In the library I found a well-thumbed book about various great magicians, hypnotists and conjurors – I liked the idea that a man could be put in a coffin, then buried, and the grave piled over with rocks, and then the coffin would turn out to be empty! And the man who had been buried would be sitting at the table at home, waiting for everyone!

I also dreamed of becoming a conjuror and hypnotist, and I was surprised that Granny didn’t like my magnificent idea at all, she just sighed and said:

‘Monkey business!’

She wanted me to be enthusiastic about something serious.

The conjuring set had detailed descriptions of all the marvels, I tried to follow the instructions precisely, but my tricks turned out silly anyway. Or rather, when I practised in front of the mirror, everything worked, in fact the hardest thing was to learn to make the passes for distracting people’s attention, but when I showed my wonders to our guests, they didn’t so much admire my magical art as laugh at my clumsiness. The moment came when I was transfixed by the painful thought that for them I wasn’t a magician at all, but a clown. In the end I came to hate magical tricks.

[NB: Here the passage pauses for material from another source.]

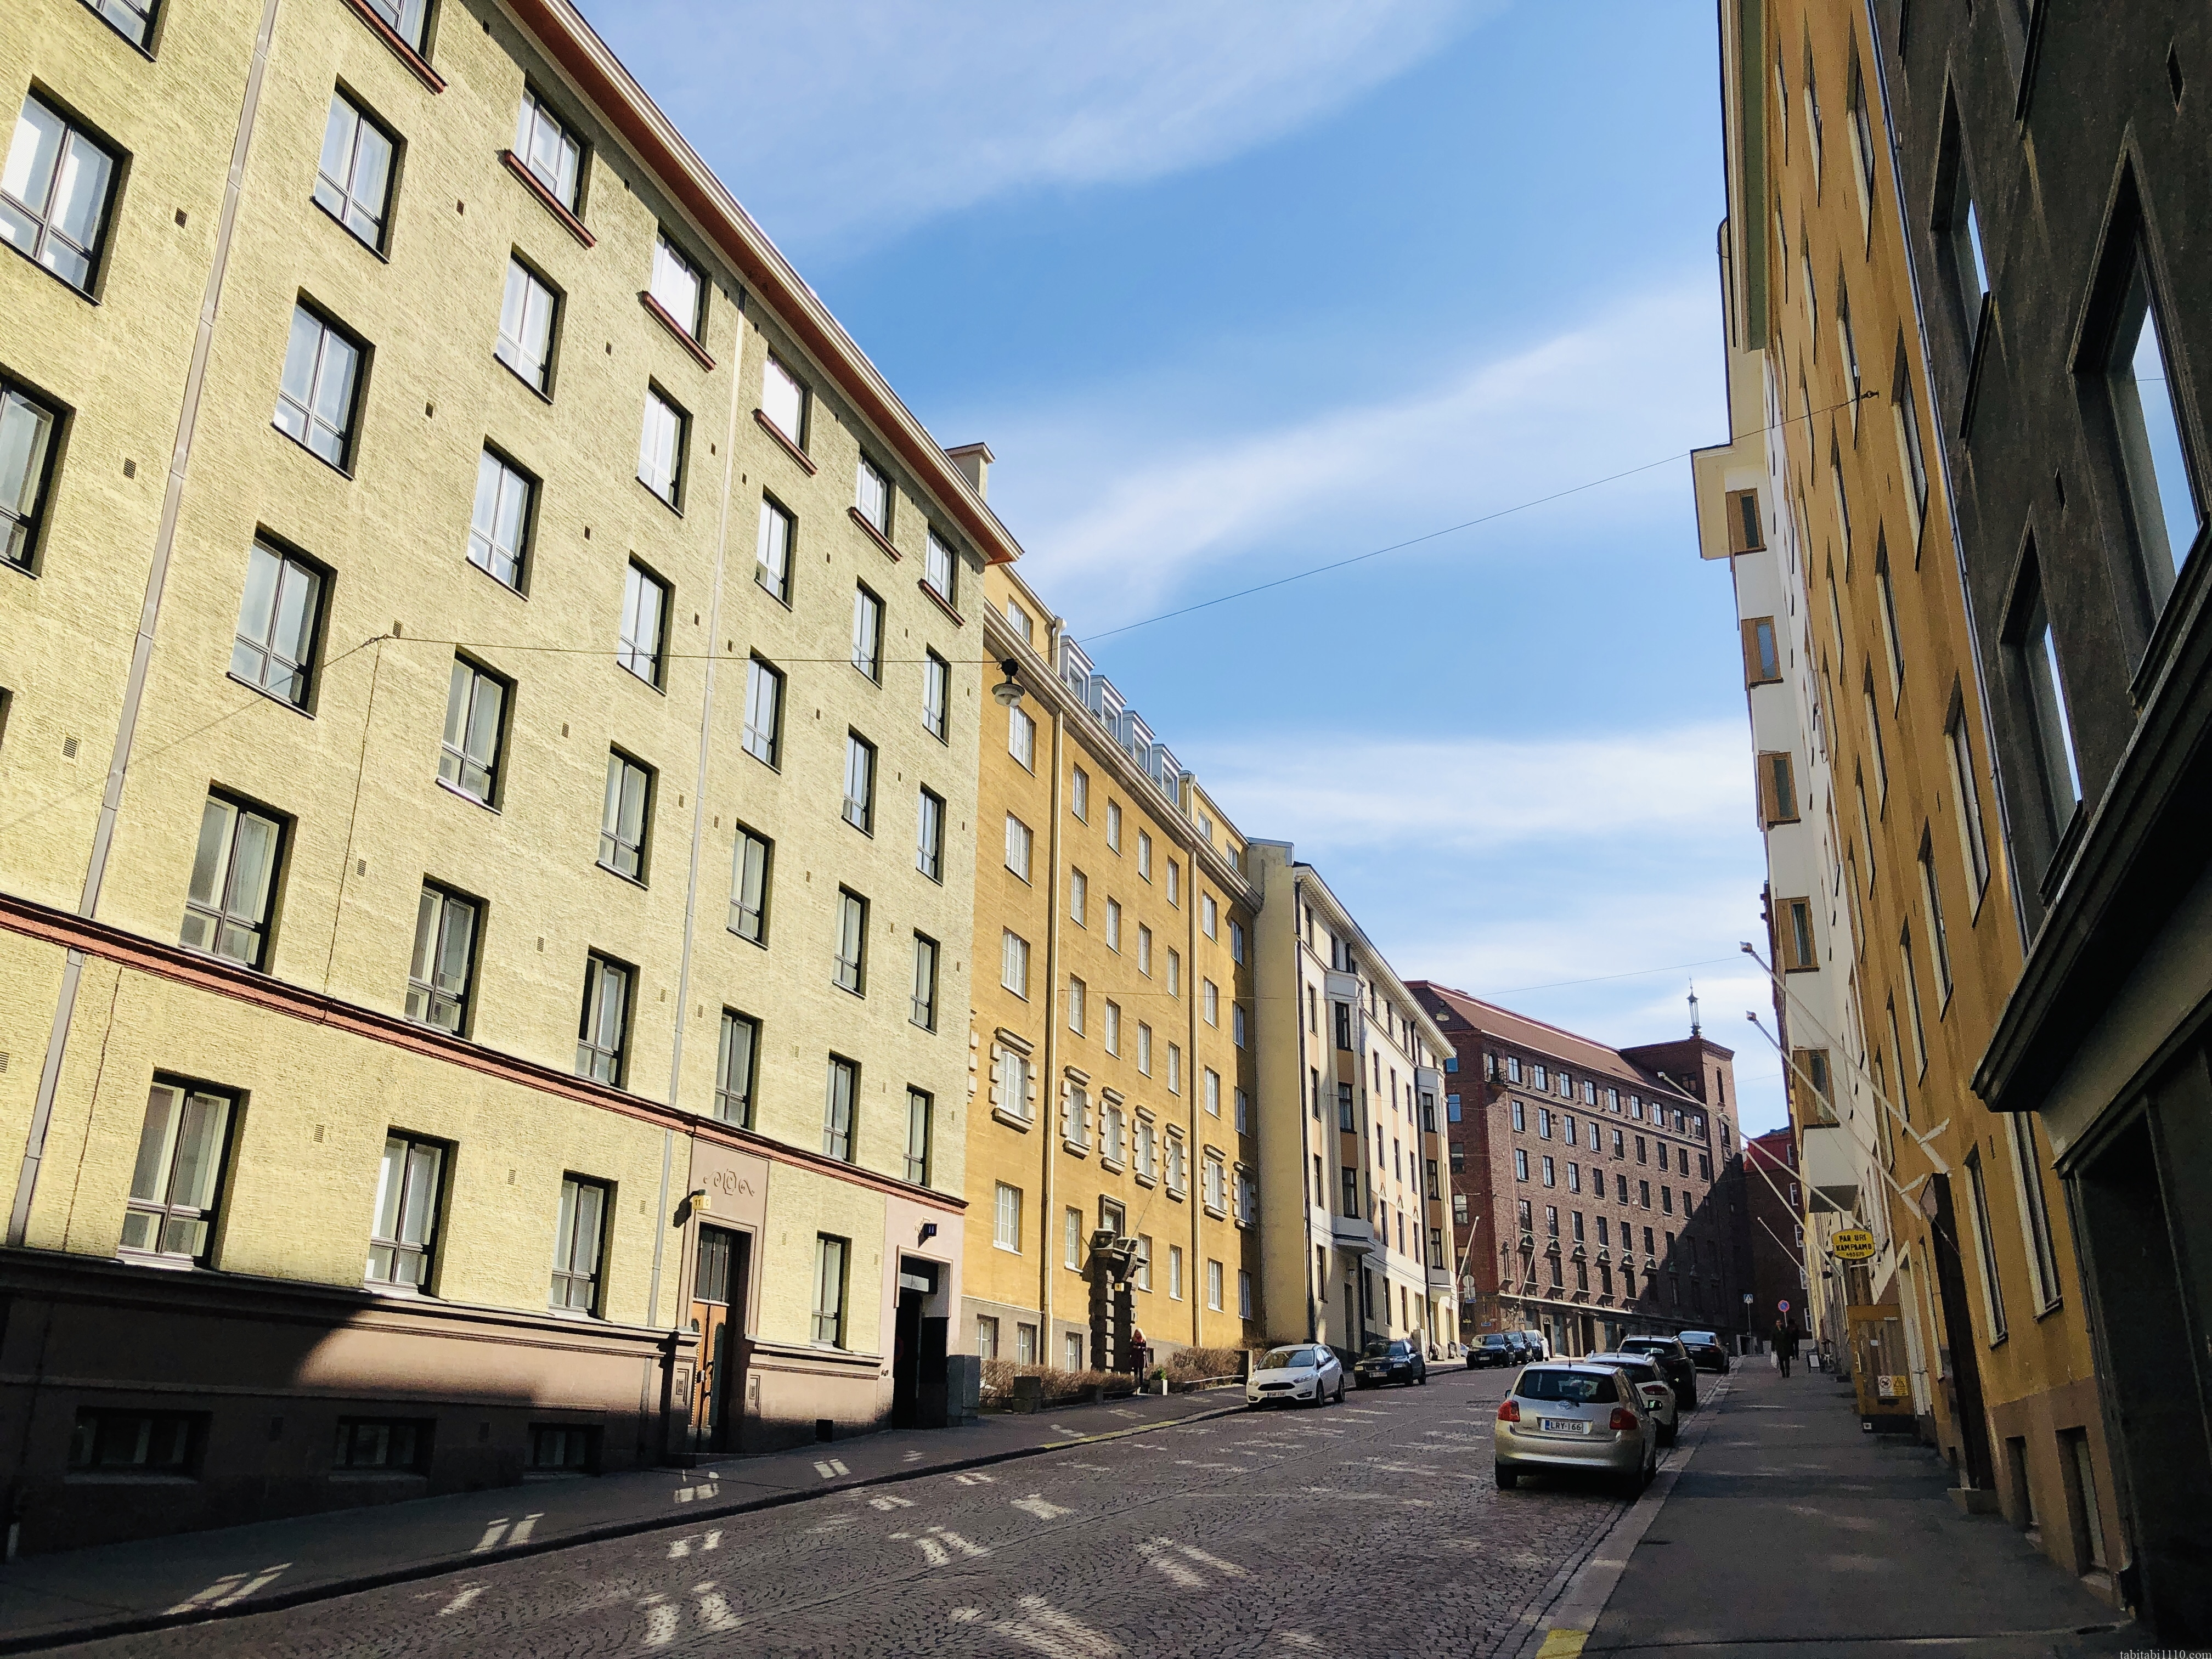 ヘルシンキ住宅街

But here’s something else that happened involving those tricks.

My granny fell ill. Or, rather, in the winter she slipped on the icy ground beside the post office, fell and broke her hip. She didn’t get up any more, just lay in bed for months, getting weaker. I remember Mum sighing and saying that Granny was ‘on her way out’. And I also remember the sight of Granny’s hand and head shaking and Mum brushing her hair. My granny was very beautiful when she was young, she had a long, thick plait, as thick as my arm. The plait was cut off once when she was ill and kept by us as a family relic. But by the time she was old Granny’s hair had grown long again.

One day I came home very late from grammar school. I had picked up a lot of D’s in my marks and I didn’t want to go home because I was sure I was in for another scolding. I had wandered around somewhere until it was late, and now I knew I would get it for that as well. So I arrive home, prepared for the very worst, but instead of scolding me, Mum hugs and kisses me. I didn’t understand what was going on, and then I realised – the doctor came out of Granny’s room and washed his hands thoroughly, every finger separately. Mum had a word with him, then she pressed my head against her chest and said that Granny was already at death’s door. She took me in to say goodbye.

Shortly before she died Granny became hideous, lying there dishevelled and shaking all over, especially her hands.

I don’t remember what we were talking about, but she suddenly asked me to show her a magic trick. I shook my head. I couldn’t. It wasn’t that I didn’t want to – I couldn’t. But it was impossible to explain that to anybody.